Check API health and Tesseract availability.

**Response:**
```json
{
  "status": "ok",
  "tesseract_available": true
}
```

**Cost:** Free, no authentication required.

---

### POST /api/v1/auth/register

Create an account. Sends a 6-digit verification code to the provided email.

**Request:**
```json
{
  "email": "you@company.com"
}
```

**Cost:** Free, no authentication required.

---

### POST /api/v1/auth/verify

Verify email with the 6-digit code received via email.

**Request:**
```json
{
  "email": "you@company.com",
  "code": "123456"
}
```

**Cost:** Free, no authentication required.

---

### POST /api/v1/auth/api-key

Generate or regenerate an API key. First generation includes 5 free credits. Regenerating transfers existing credits to the new key.

**Request:**
```json
{
  "email": "you@company.com"
}
```

**Response:**
```json
{
  "api_key": "i2t_live_aBcDeFgHiJkLmNoPqRsTuVwXyZ...",
  "credits": 5
}
```

**Cost:** Free, no authentication required (requires verified email).

---

### GET /api/v1/account

View account balance, usage statistics, and recent queries.

**Response:**
```json
{
  "email": "you@company.com",
  "credits": 42,
  "total_extractions": 158,
  "recent_queries": [...]
}
```

**Cost:** Free (requires API key).

---

### GET /api/v1/credits/packs

List available credit packs and prices.

**Response:**
```json
{
  "packs": [
    {"id": "100", "credits": 100, "price_usd": 1.00},
    {"id": "1000", "credits": 1000, "price_usd": 10.00},
    {"id": "10000", "credits": 10000, "price_usd": 100.00}
  ]
}
```

**Cost:** Free, no authentication required.

---

### POST /api/v1/credits/purchase

Purchase credits via Stripe Checkout.
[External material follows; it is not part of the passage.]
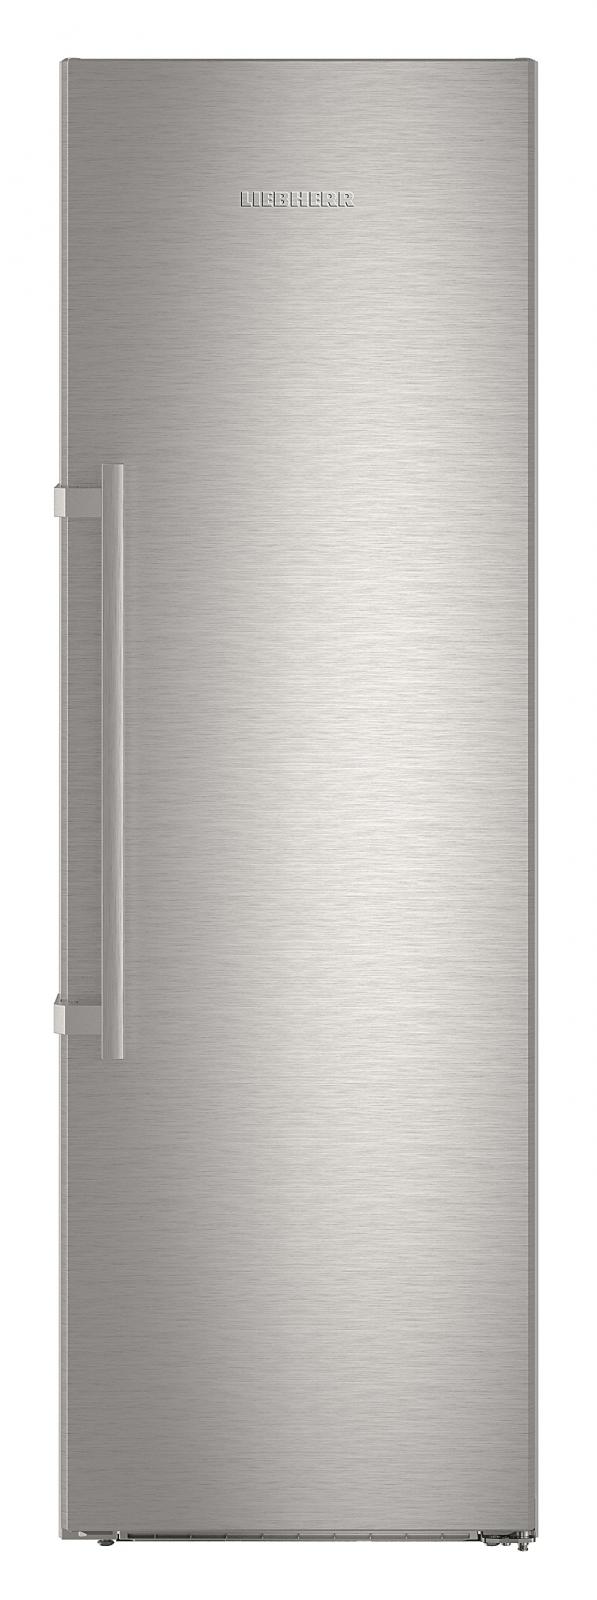 купить Однокамерный холодильник Liebherr Kef 4310 Украина фото 2

Returns a URL to complete payment.

**Request:**
```json
{
  "pack_id": "1000"
}
```

**Response:**
```json
{
  "checkout_url": "https://checkout.stripe.com/..."
}
```

**Cost:** Free (requires API key). Credits added after payment completes.

## Pricing

| Pack | Credits | Price | Per Extraction |
|------|---------|-------|----------------|
| 100 | 100 extractions | $1.00 | $0.01 |
| 1,000 | 1,000 extractions | $10.00 | $0.01 |
| 10,000 | 10,000 extractions | $100.00 | $0.01 |

- 5 free credits on signup
- Failed extractions: credit automatically refunded
- No expiration on credits
- No tiers, no subscriptions

## Rate Limits

- 10 POST requests per minute per API key
- 5,000 extractions per day per API key
- GET requests are not rate-limited

## Error Codes

| Code | Meaning |
|------|---------|
| 200 | Success |
| 400 | Bad request (missing file field) |
| 401 | Missing or invalid API key |
| 402 | Insufficient credits |
| 413 | Image exceeds 20MB limit |
| 422 | Unsupported image format, corrupt file, or invalid/private URL |
| 429 | Rate limit exceeded |
| 500 | Internal server error (Tesseract failure) |
| 502 | Could not load URL (DNS failure, connection error) |
| 503 | Browser service unavailable |
| 504 | Page load timed out (30s limit) |

## Supported Image Formats

| Format | MIME Type |
|--------|-----------|
| JPEG | image/jpeg |
| PNG | image/png |
| WebP | image/webp |
| TIFF | image/tiff |
| BMP | image/bmp |

## Best Practices

1. **Screenshots work best.** Tesseract excels at rendered text with standard fonts and high contrast. Website screenshots, app UIs, and document scans produce excellent results.

2. **Avoid photos of text at angles.** Skewed, blurry, or low-contrast images will produce lower quality results. Pre-process (rotate, crop, increase contrast) for best accuracy.

3. **Keep images under 5MB when possible.** Larger images take longer to process. Downscale high-resolution screenshots if the text is already readable at lower resolution.

4. **Check the `lines` count.** If `lines` is 0, the image likely contained no readable text (e.g., a photo with no text, or an icon-only image).

5. **Use `/extract/url` for web pages.** If you have a URL and just want the visible text, use the URL endpoint instead of screenshotting the page yourself. We render at 1440x900 and capture the above-the-fold content.

6. **URL extraction captures above the fold only.** The viewport is 1440x900. Content below the fold (requiring scroll) is not captured. This is by design: it returns what a visitor sees on first load.